Fines and penalties levied by the Federal Communications Commission (“FCC”) and state public utilities commissions (“PUCs”) against carriers for slamming activity, particularly carriers relying upon telemarketing,  can be crippling.  Since 2000, the FCC has assessed (either in forfeiture orders or through settlement agreements) carrier fines totaling approximately $14,070,000 while state PUCs have assessed aggregate penalties well in excess of this amount.  As a result, it is absolutely crucial that long distance and local carriers as well as resellers have fail-safe anti-slamming programs in place. 

The following outlines the minimum components necessary to steer clear of the potentially hefty slamming liability faced by carriers that use outbound telemarketing to reach new customers.  While many of the comments below also apply to carriers relying upon letters of agency (LOAs), the focus of this guide is the relatively higher risk use of telemarketing to sell telecommunications services. 

The Enforcement Climate

While slamming was under-penalized in the late 1990s, today federal and state law provides for severe economic penalties against slammers.  With FCC slamming penalties assessed at $40,000 per slam ($80,000 in extreme cases) and FCC regulations requiring the unauthorized carrier to pay 150 percent of charges improperly collected to the slammed customer’s preferred provider, carriers which permit an undue level of slamming, even if accidental, face almost certain financial disaster. 

The average fine assessed by the FCC for slamming is over $1 million.
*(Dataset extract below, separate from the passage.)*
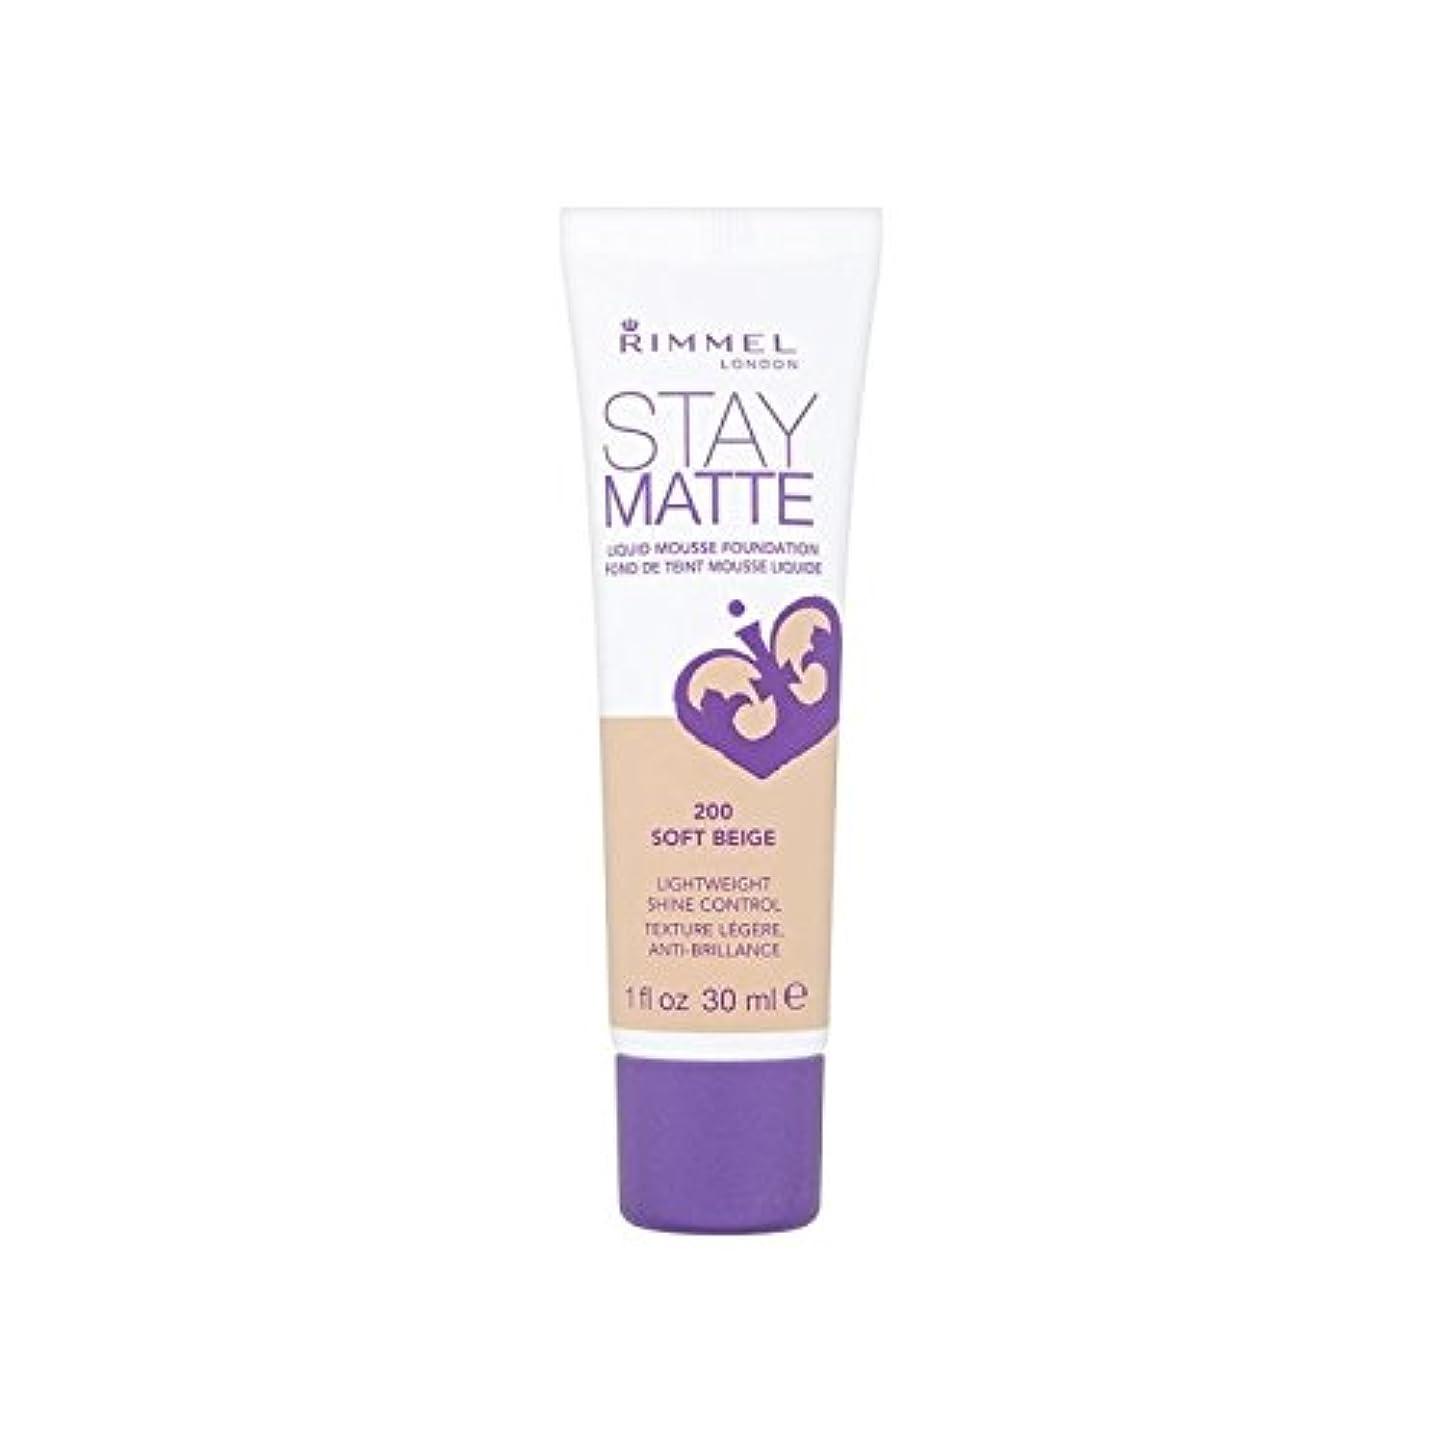 ソートフルーツ野菜カードリンメルステイマット基盤ソフトベージュ x4 - Rimmel Stay Matte Foundation Soft Beige (Pack of 4) [並行輸入品]

The highest slamming penalty assessed by the FCC is a consent decree entered into for $3.5 million, and the lowest is a consent decree entered into for $55,000.  In more egregious cases, corporate principals are individually banned from participating in the long distance marketplace.

Fines and penalties on the state level can be even more crippling.  For example, in 2002, the Florida Public Service Commission accepted a settlement offer from a major provider in the amount of $3.1 million.  In 2001, the California Public Utilities Commission issued an order assessing a $7 million fine against a reseller for slamming and misrepresenting its relationship with local exchange carriers.  In recent years, the New York Public Service Commission entered into a settlement agreement with an incumbent local exchange carrier for $1.75 million as a result of slamming.  In at least one state, Michigan, the law has been shaped to give consumers a cause of action against providers which can be extremely profitable for the consumer.  Under Michigan law, the Public Service Commission can order a slamming carrier to remit between 10 and 50% of any fine directly to the slammed consumer.  With fines running up to $70,000 per slam, Michigan consumers have a strong incentive to pursue legal actions against slamming carriers.

Perhaps most troubling is the reality that enforcement action often does not occur in isolation.  Typically, a bad telemarketing campaign that leads to slamming will occur across multiple states, leading to simultaneous enforcement actions in a number of jurisdictions, compounding the potential liability of a carrier.  A “domino effect” is not uncommon as yet additional regulators, partially responding to political pressure, feel the need to investigate the company’s practices.  The added prospect of defending multiple slamming enforcement actions, subject to differing state laws, along with multiplying legal fees can be daunting. 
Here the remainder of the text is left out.